Photo: Courtesy Film Forum
Like rivers or the moment to come just after this moment, you can’t step into the same Jean Renoir film twice. Whether the release of this restoration marks your first or your fiftieth time seeing The Crime of Monsieur Lange — the master’s 1936 collectivist lulu and certainly the most warmly humane film ever made about killing your boss — its glittering bustle of motion and character always offers new and piercing details. What, this time, will prick you?
Photo: The Iceman Cometh (1973) / THE AMERICAN FILM THEATRE / PHOTOFEST
For a little under two years, in the mid-Seventies, an initiative called the American Film Theatre attempted to bridge the divide between stage and screen, giving plays the reach of films, while lending the moviegoing experience a bit of theater’s highbrow linguistic glamour. The brainchild of the producer Ely Landau, the project brought together famed actors, writers, and directors who agreed to work at a fraction of their normal rates on filmed adaptations of plays, using the full text of the original script as their screenplay. The resulting movies would then show in roughly 500 movie theaters around the country for just a few screenings each. (Filmgoers subscribed to the program the same way they would to a normal theater season.) For the next week, all but two of the AFT’s productions can be seen as part of the Quad Cinema’s series “Screen Play: The American Film Theatre.”
Photo: Fargo (1996) / Courtesy MoMA
From New York to California, Mississippi to Minnesota, spanning genres like a Turner Classic Movies marathon, Joel and Ethan Coen have introduced us to ordinary people whose actions spin out of their control. Their characters are left with insoluble questions: Why has this happened to me? What does it all mean? The Coens’ movies can drive viewers similarly mad with the search for meaning. But despite plots denser than a Sarah Palin endorsement speech, it’s a mistake to impose a grand narrative theory on their films. The forces that propel the brothers’ plots are random, not designed, and their people don’t triumph over those forces so much as wade through them, frantic for answers.
Photo: Texas Isaiah's "My Name Is My Name I" (detail) / Courtesy the artist
It began with “Freestyle,” back in 2001. Since then, every few years the Studio Museum in Harlem has held a series of influential exhibitions that are specifically intended to bring a fresh crop of noteworthy Black American artists to the attention of a broad audience. An alliterative conceit binds together what have become known as the “F shows”: “Frequency” in 2005, “Flow” in 2008, “Fore” in 2012. Now, the museum has decided the climate is right to release a new batch of talent from the continual prospecting that is part of its mission. “Fictions,” featuring work by nineteen artists from around the country, and with a strong proportion of installation and work in unorthodox materials, began in September and runs through early January.

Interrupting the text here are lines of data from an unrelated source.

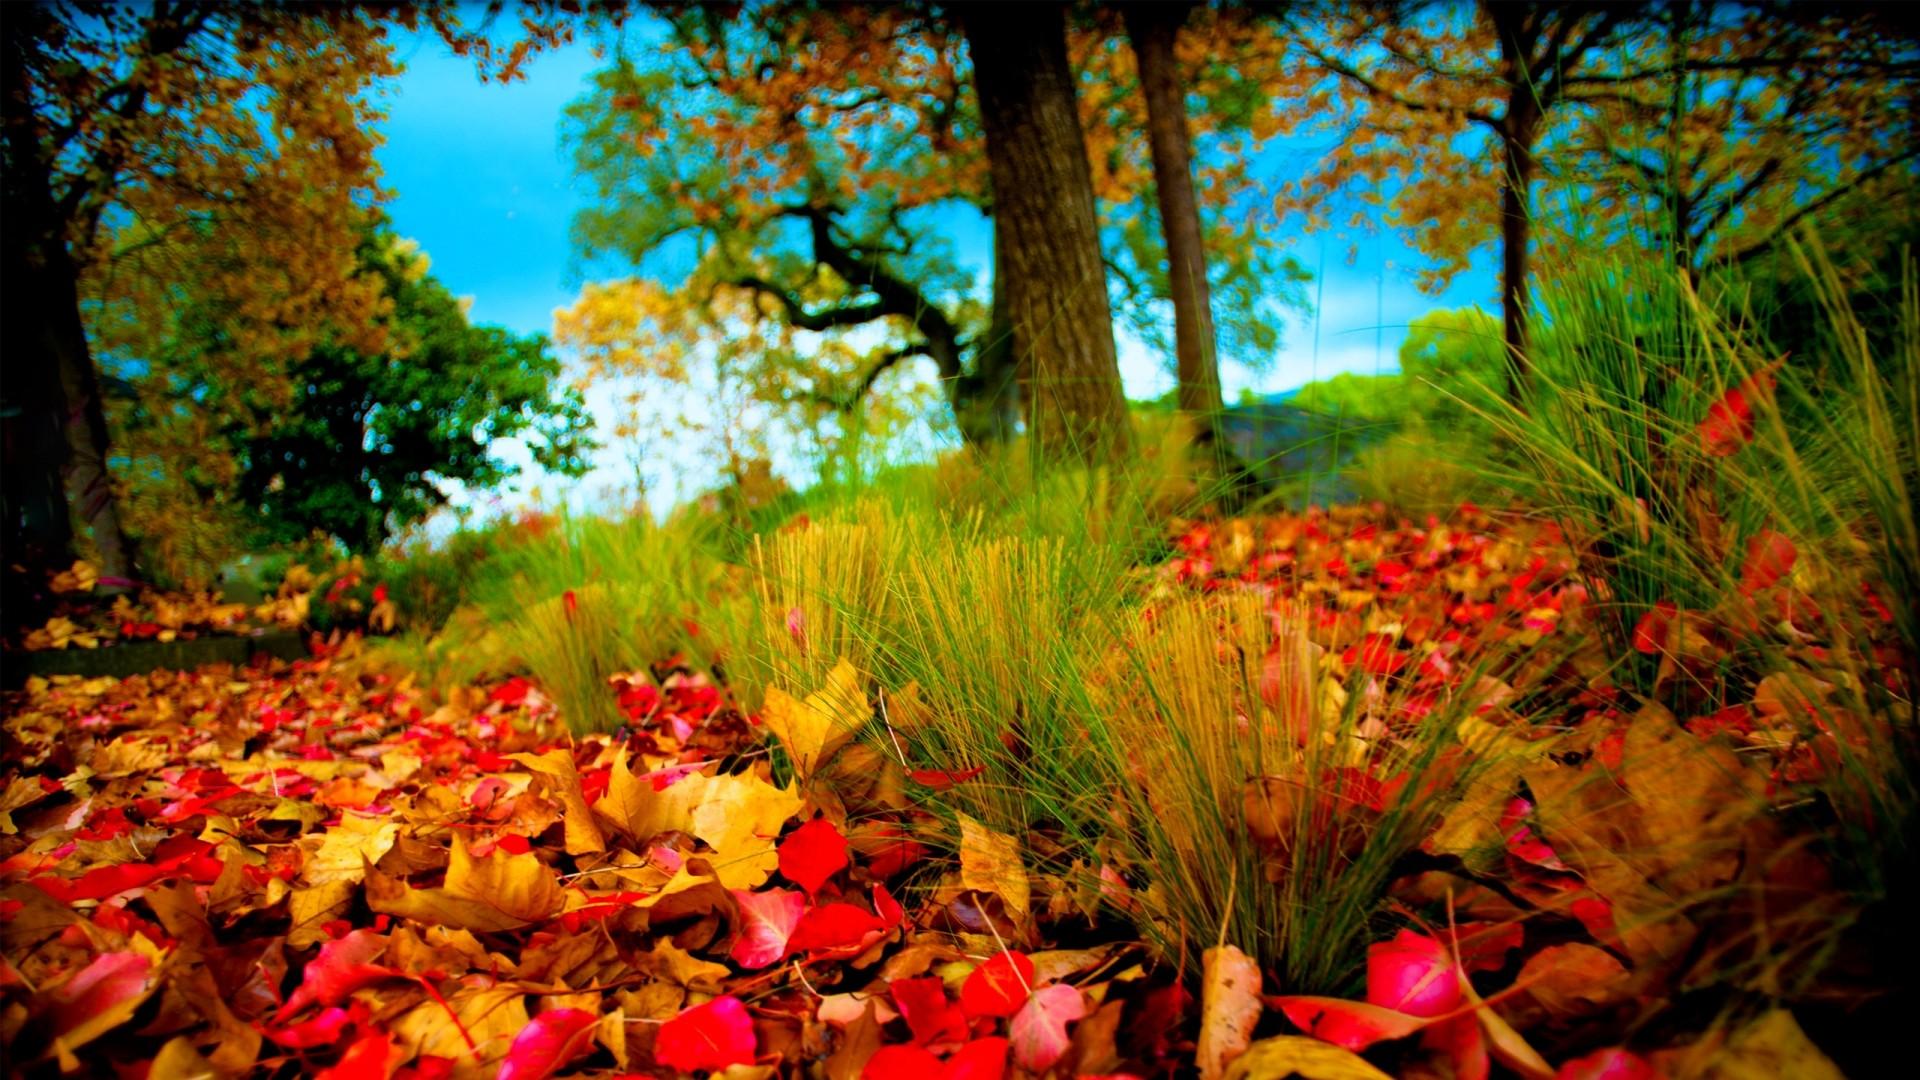 fall-leaves-images-hd-wallpaper-1080p1.jpg (1920×1080)   Wallpapers HD    Pinterest   Hd wallpaper and Wallpaper
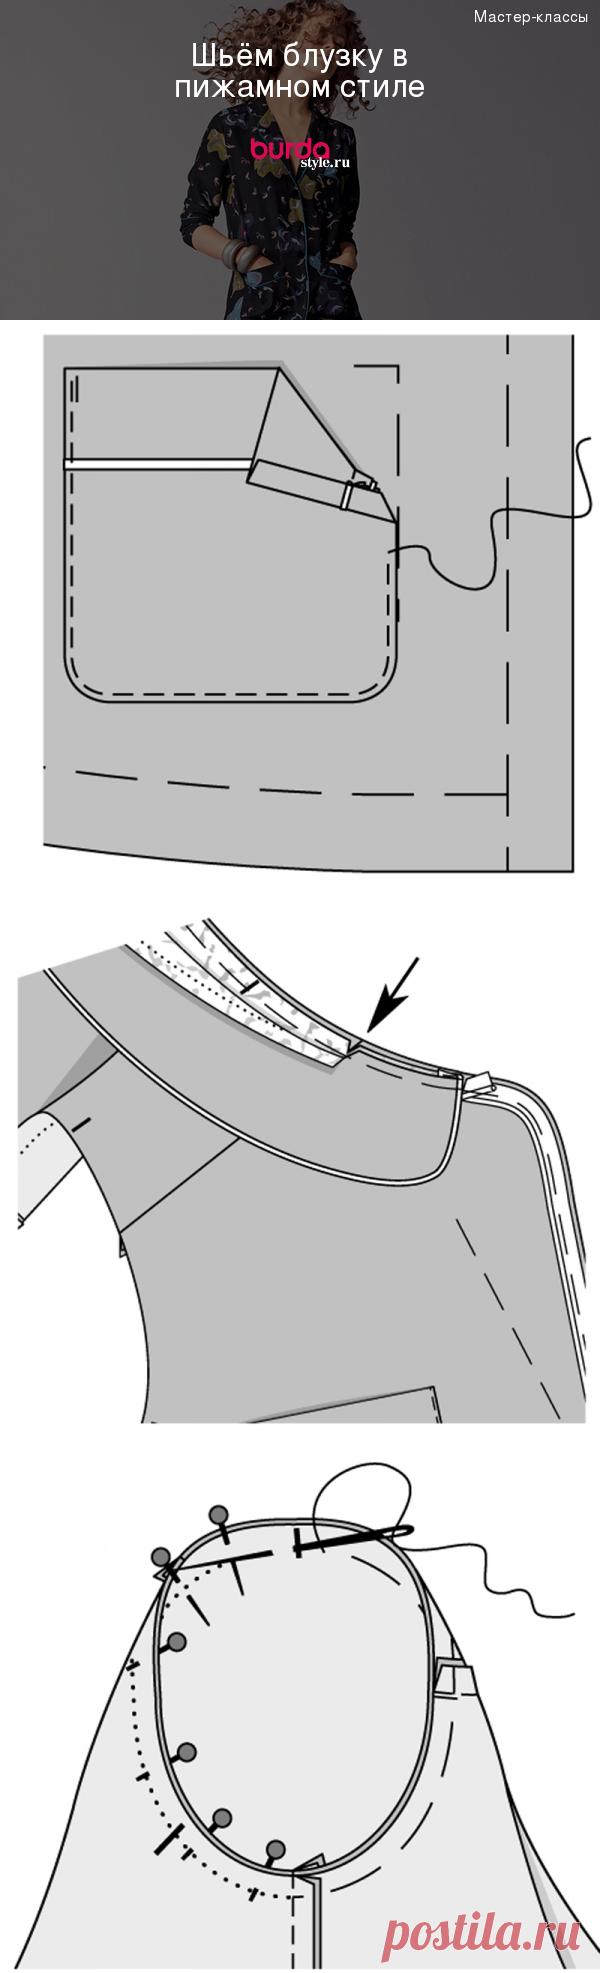 Как сшить блузку мастер класс
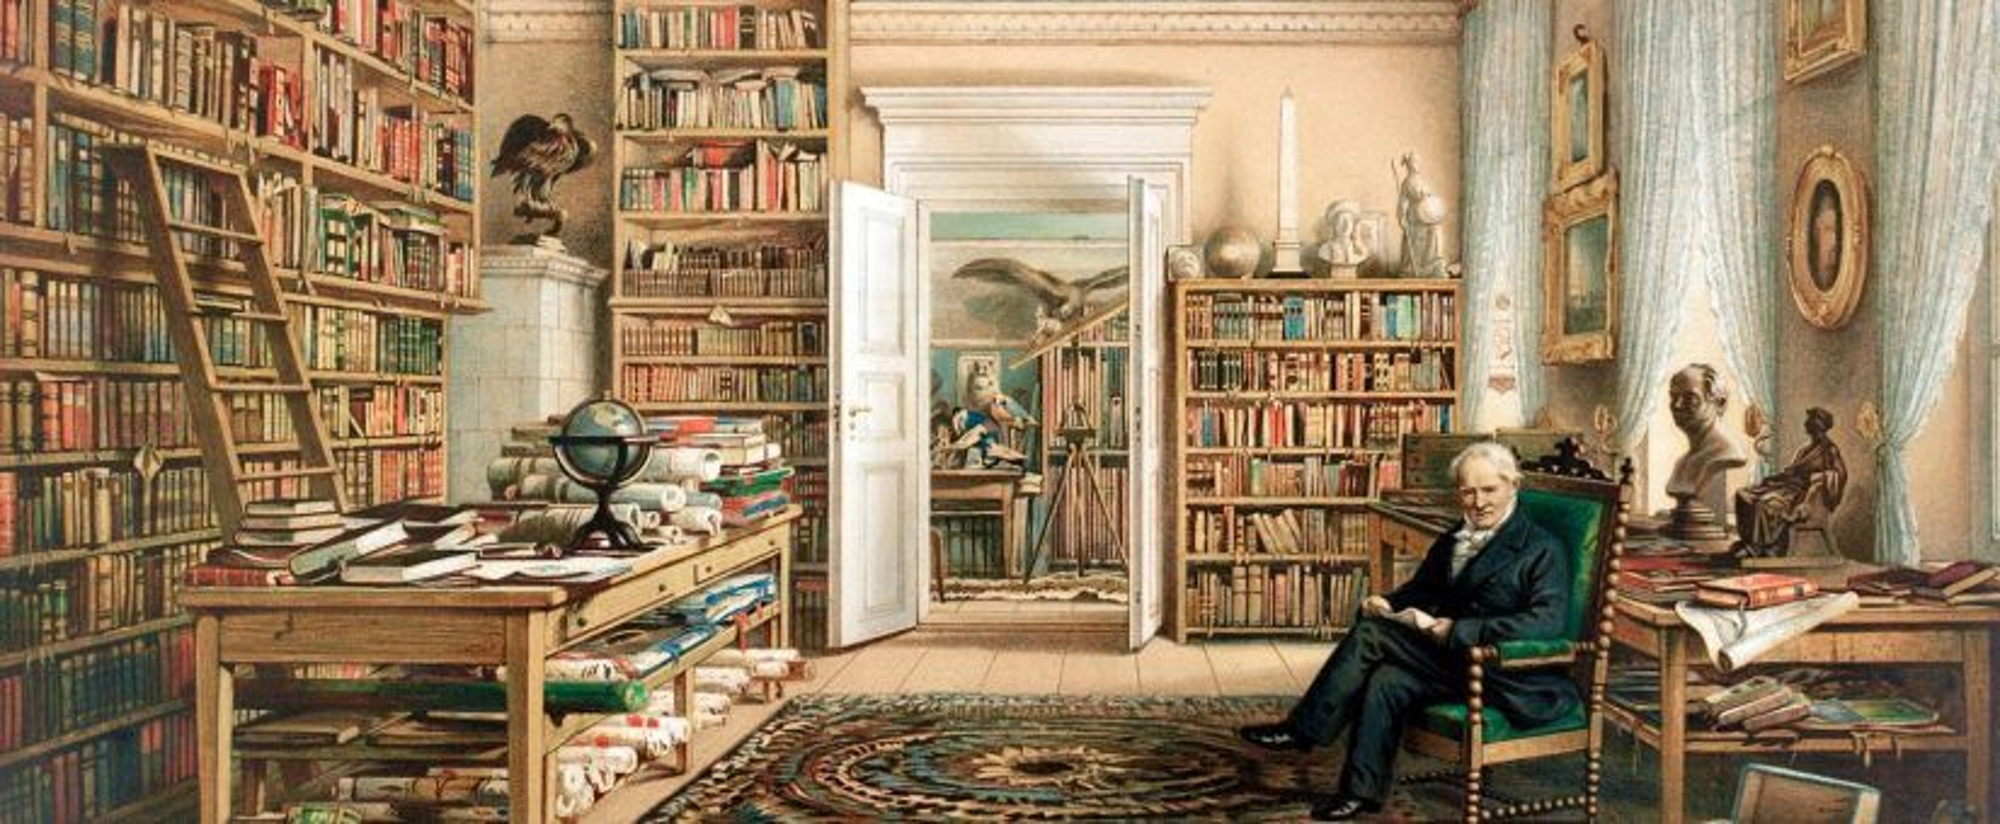 humboldt-library-berlin-1856recorte-825x340.jpg

Photo: CAITLIN SPIESS OF ILL PRODUCTIONS
At 627 5th Avenue in South Slope, Brooklyn, stands a generic, white-brick building, the kind you’d probably never notice if not for the message scrawled in black paint on its side: “Are you curious?” It’s hard to imagine who wouldn’t be. This is the home of Curiosities, an immersive theater production that opened earlier this month and is in residence through November 26. The era, 1930s; the setting, the Menagerie, a jazz club out of which “the Professor” (played by Anthony Logan Cole) and his coterie of misfits operate an underground sideshow full of sins and secrets. The ambience is a little bit speakeasy, a little bit David Lynch. The plot is refracted across ten separate storylines, each anchored around a different character who might at any point beckon you into the hazy darkness backstage.
Photo: HENRY DILTZ
Hip-hop-hating hippie harmonizer David Crosby, 76, has been enjoying an exceptional late-in-life career revival. After leaving the Byrds, which he co-founded in 1964, he played in various combinations with Steve Stills, Graham Nash, and Neil Young until last year, when Nash declared he’d had enough of his old friend’s cranky ways. While Crosby has recorded only six solo albums, beginning with his weird and willowy 1971 masterpiece If I Could Only Remember My Name, the three most recent of the bunch have all appeared since 2014. With its inventive musicianship, relaxed self-assurance, and gently cantankerous autumnal wisdom, 2016’s Lighthouse is the keeper, but his new Sky Trails isn’t half-bad, either. This show is a strictly solo affair, though — just Croz and a guitar delivering idealist anthems like “Almost Cut My Hair,” “Long Time Gone,” and “Triad,” along with a helping of fresher fare.
Photo: Joan Marcus
Tectonic Theater Project, long at the forefront of documentary drama, opens a new show this week about the underexplored subject of life with autism. (The group, under Moisés Kaufman’s leadership, is famous for consciousness-raising through the telling of real stories — from The Laramie Project, which documented the 1998 hate-killing of Matthew Shepard, to Doug Wright’s Pulitzer Prize–winning I Am My Own Wife.) Anushka Paris-Carter and Andy Paris’s Uncommon Sense, running at the Sheen Center, explores the experiences of four people living on the autism spectrum, and is accompanied by an educational program, including panels of experts and an exhibit of visual works by artists with autism. Maybe most importantly, Tectonic will offer two “relaxed performances,” which mellow the lighting and sound, and lift the usual mandate to sit still and stay quiet — modeling what accessibility can look like in the theater.